9 Where there will be bread for you in full measure and you will be in need of nothing; a land where the very stones are iron and from whose hills you may get copper.
Sıkıntısız ekmek yiyebileceğiniz, hiçbir şeye gereksinim duymayacağınız bir ülkedir. Öyle bir ülke ki, kayaları demirdir, dağlarından bakır çıkarabilirsiniz.
10 And you will have food enough and be full, praising the Lord your God for the good land he has given you.
“Yiyip doyunca, size verdiği verimli ülke için Tanrınız RAB'be övgüler sunun.
11 Then take care that you are not turned away from the Lord your God and from keeping his orders and decisions and laws which I give you this day:
Tanrınız RAB'bi unutmamaya dikkat edin. Bugün size bildirdiğim buyruklarını, ilkelerini, kurallarını savsaklamayın.
12 And when you have taken food and are full, and have made fair houses for yourselves and are living in them;
Yiyip doyduğunuzda, güzel evler yapıp yerleştiğinizde,
13 And when your herds and your flocks are increased, and your stores of silver and gold, and you have wealth of every sort;
sığırlarınız, davarlarınız çoğaldığında, altınınız, gümüşünüz ve her şeyiniz arttığında,
14 Take care that your hearts are not lifted up in pride, giving no thought to the Lord your God who took you out of the land of Egypt, out of the prison-house;
böbürlenmemeye ve sizi Mısır'dan, köle olduğunuz ülkeden çıkaran Tanrınız RAB'bi unutmamaya dikkat edin.

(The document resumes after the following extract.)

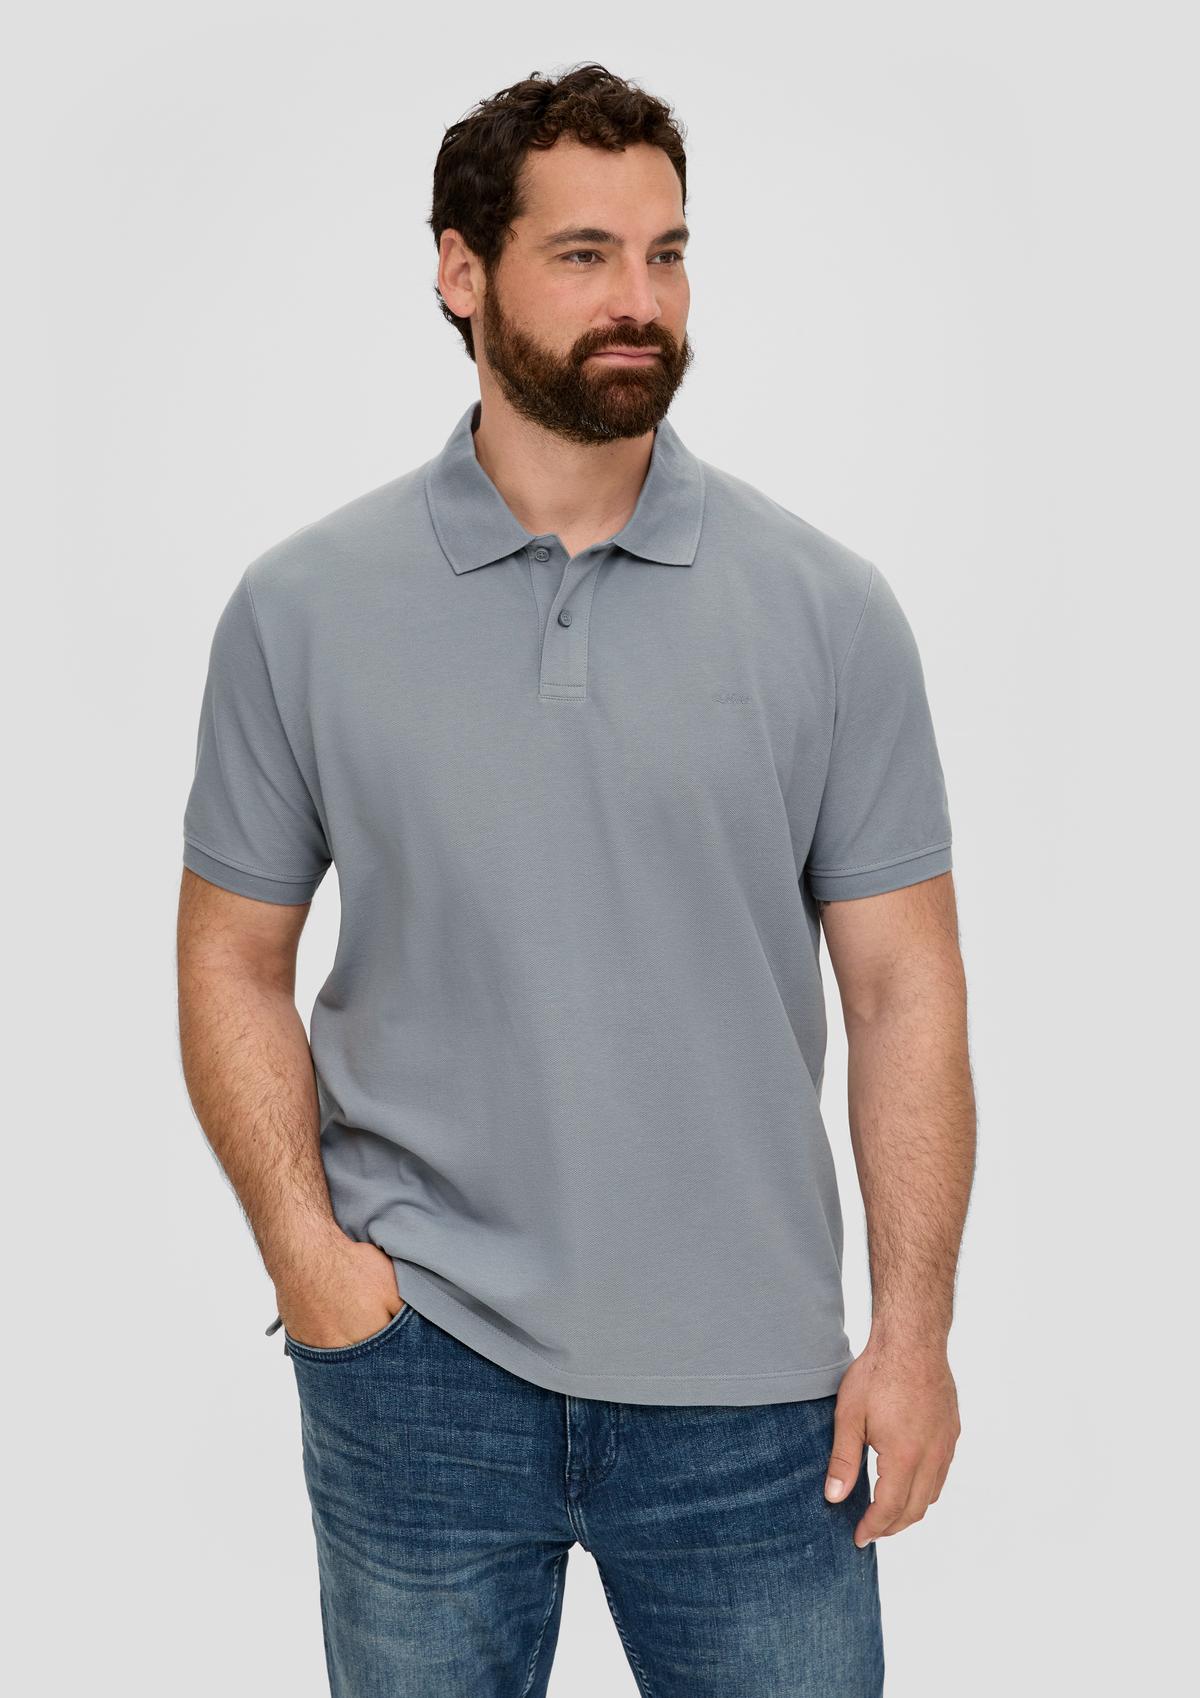 Polo shirt with minimalist navy - print a

15 Who was your guide through that great and cruel waste, where there were poison-snakes and scorpions and a dry land without water; who made water come out of the hard rock for you;
RAB o büyük ve korkunç çölde, zehirli yılanlarla, akreplerle dolu o kurak, susuz toprakta sizi yürüttü. Size sert kayadan su çıkardı.
16 Who gave you manna for your food in the waste land, a food which your fathers had never seen; so that your pride might be broken and your hearts tested for your good in the end;
Atalarınızın bilmediği man ile sizi çölde doyurdu. Sizi sıkıntıya soktu, sınadı. Öyle ki, sonunda üzerinize iyilik gelsin.

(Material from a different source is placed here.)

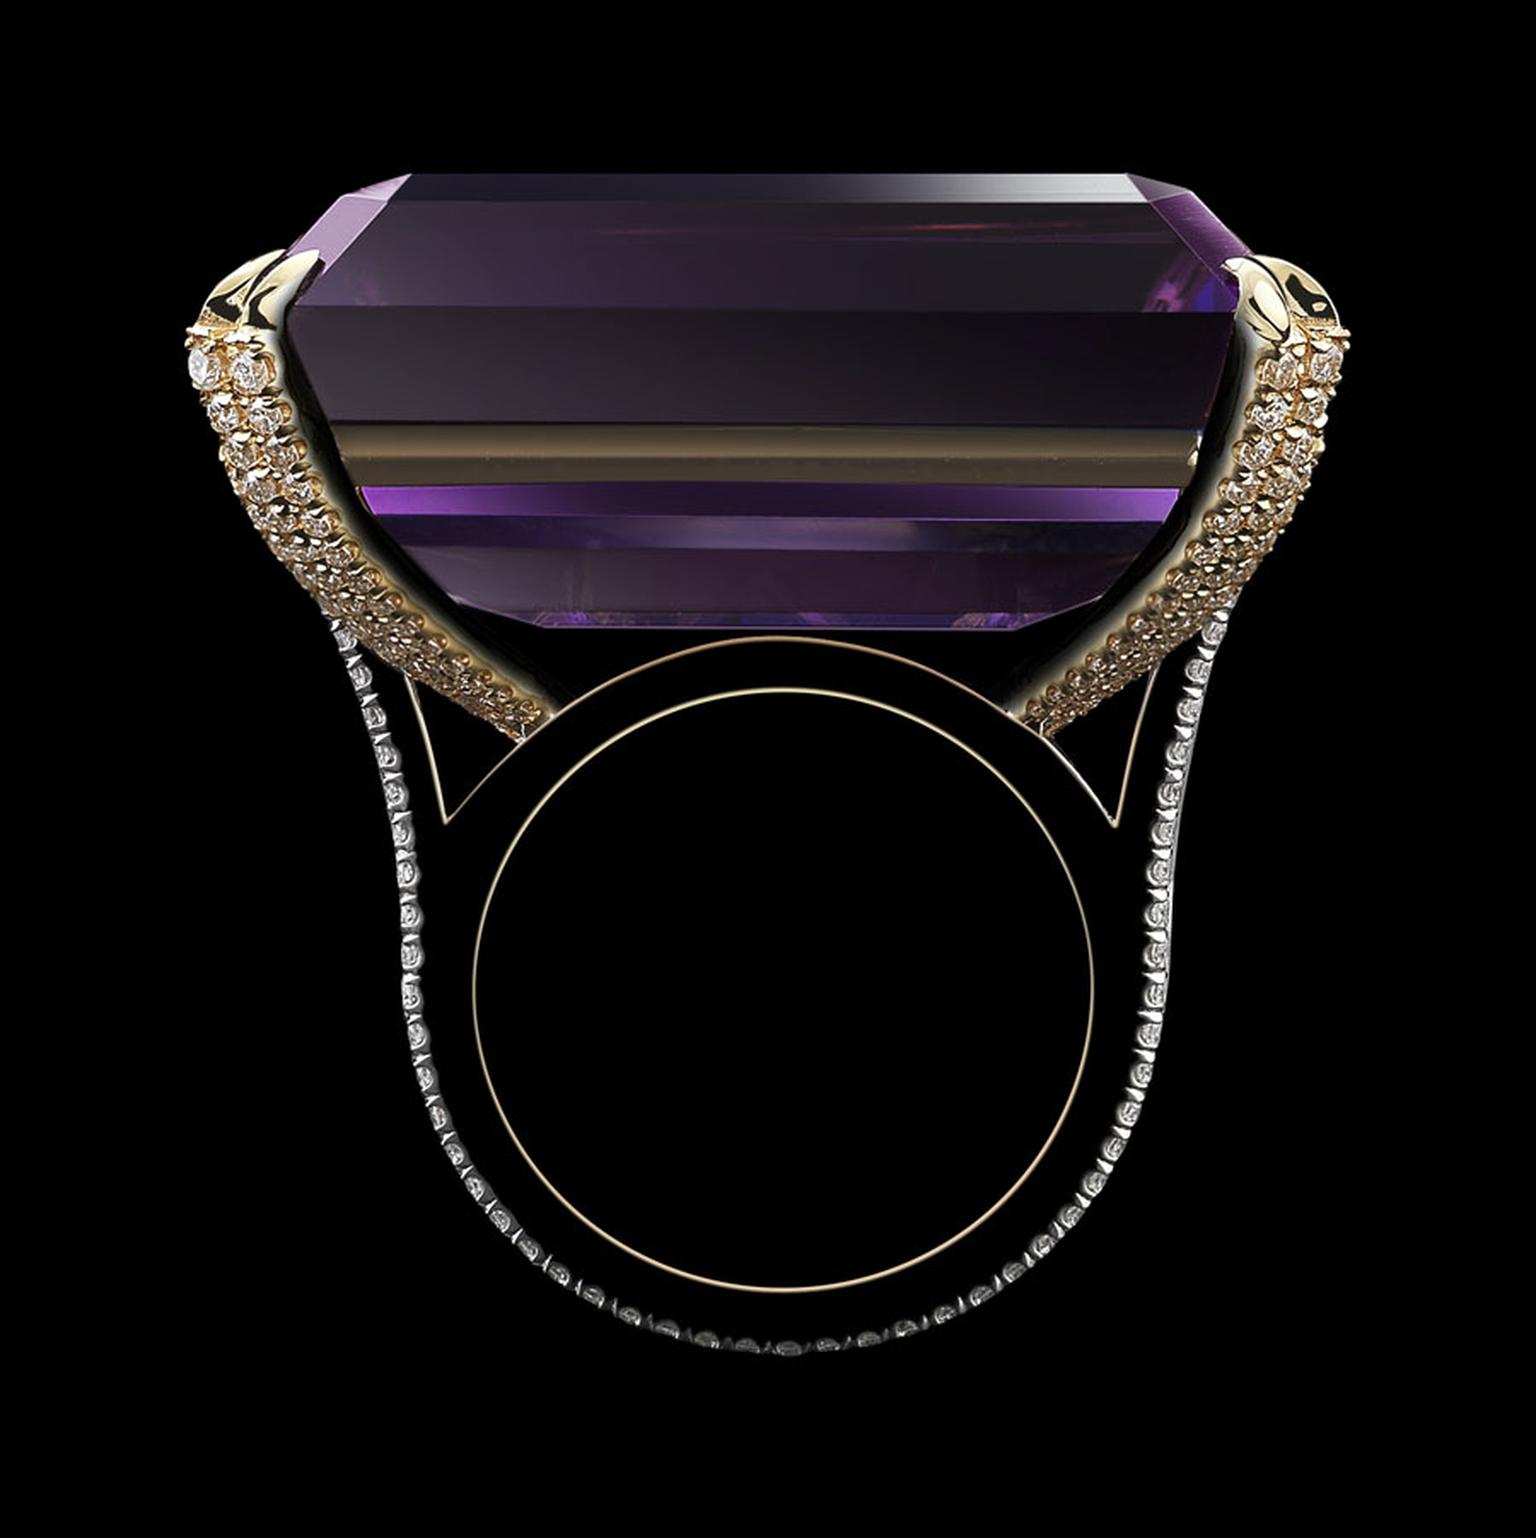 Alexandra Mor emerald-cut rich purple amethyst and diamond ring.

17 Say not then, in your hearts, My power and the strength of my hands have got me this wealth.
‘Bu serveti toplayan kendi yeteneğimiz, güçlü elimizdir’ diye düşünebilirsiniz.
18 But keep in mind the Lord your God: for it is he who gives you the power to get wealth, so that he may give effect to the agreement which he made by his oath with your fathers, as at this day.
Ancak bu serveti toplama yeteneğini size verenin Tanrınız RAB olduğunu anımsayın. Atalarınıza ant içerek yaptığı antlaşmayı sürdürmek amacıyla bugün de bunu yapıyor.
19 And it is certain that if at any time you are turned away from the Lord your God, and go after other gods, to be their servants and to give them worship, destruction will overtake you.
“Tanrınız RAB'bi unutur, başka ilahların ardınca giderseniz, onlara tapar, önlerinde yere kapanırsanız, bugün size açıkça belirtirim ki, tamamen yok olacaksınız.
20 Like the nations which the Lord is cutting off before you, so you will be cut off; because you would not give ear to the voice of the Lord your God.
Tanrınız RAB önünüzden ulusları yok ettiği gibi, sözüne kulak vermediğiniz için sizi de yok edecek.